# My first CNC router



## Er10111 (Apr 17, 2021)

Hi there, I’m looking into purchasing my first cnc router. At the moment I am looking at the onefinity cnc and the Lead 1515. There isn’t one specific thing I will be doing on the machine, it will be used all around. What are y’all thoughts on these two machines, or do you have other recommendations?


----------



## difalkner (Jan 3, 2012)

Welcome to the forum! Nothing specific, but what in general will you be making? Signs, plaques, 2.5D or 3D work...?

David


----------



## dovetail_65 (Jan 22, 2008)

Er10111 said:


> Hi there, I’m looking into purchasing my first cnc router. At the moment I am looking at the onefinity cnc and the Lead 1515. There isn’t one specific thing I will be doing on the machine, it will be used all around. What are y’all thoughts on these two machines, or do you have other recommendations?


Aren't those back ordered for months? I dont like them myself, awfully expensive for what you get. 
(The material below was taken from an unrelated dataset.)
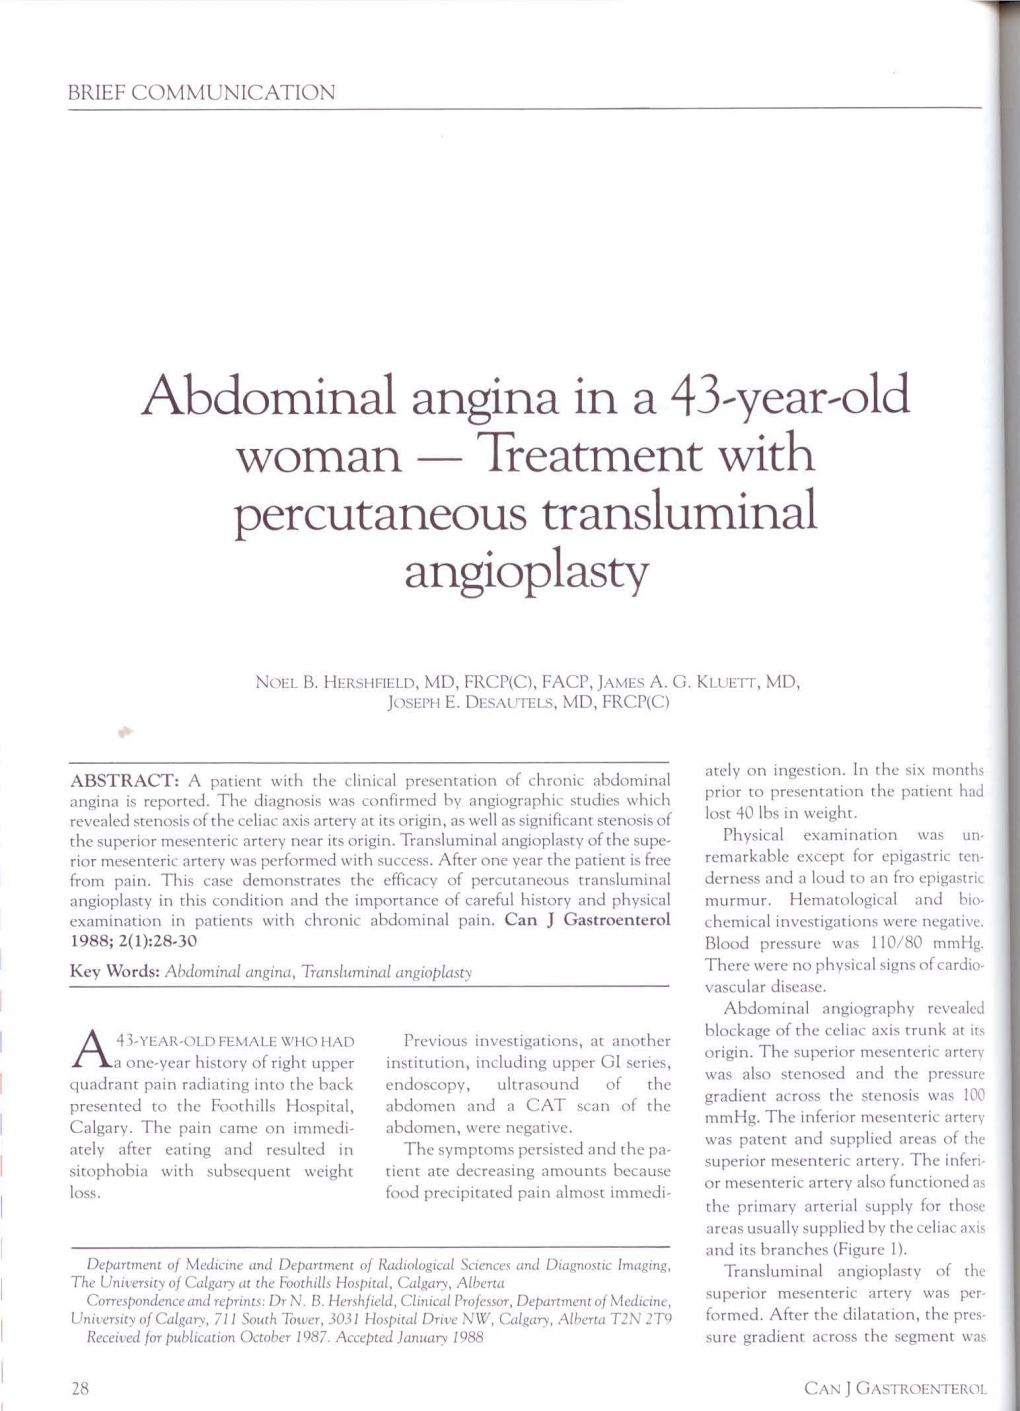 Abdotninal Angina in a 43,Year,Old Wotnan - Treattnent with Percutaneous Translurninal Angioplasty

It all depends on your budget and what you want to make. Do you have 1500 or 15 thousand are you doing only smaller 3D bas relief carving or wanting to cut plywood sheets for cabinets?


----------



## Er10111 (Apr 17, 2021)

My budget will be around $2400. I will be doing cabinets, some 2d sings and also 3d carving. Yes the onefinity is backed up for months. I'm just not quite sure what’s out there other than the big names which I’ve noticed you can get more bag for your buck elsewhere.


----------



## dovetail_65 (Jan 22, 2008)

Er10111 said:


> My budget will be around $2400. I will be doing cabinets, some 2d sings and also 3d carving. Yes the onefinity is backed up for months. I'm just not quite sure what’s out there other than the big names which I’ve noticed you can get more bag for your buck elsewhere.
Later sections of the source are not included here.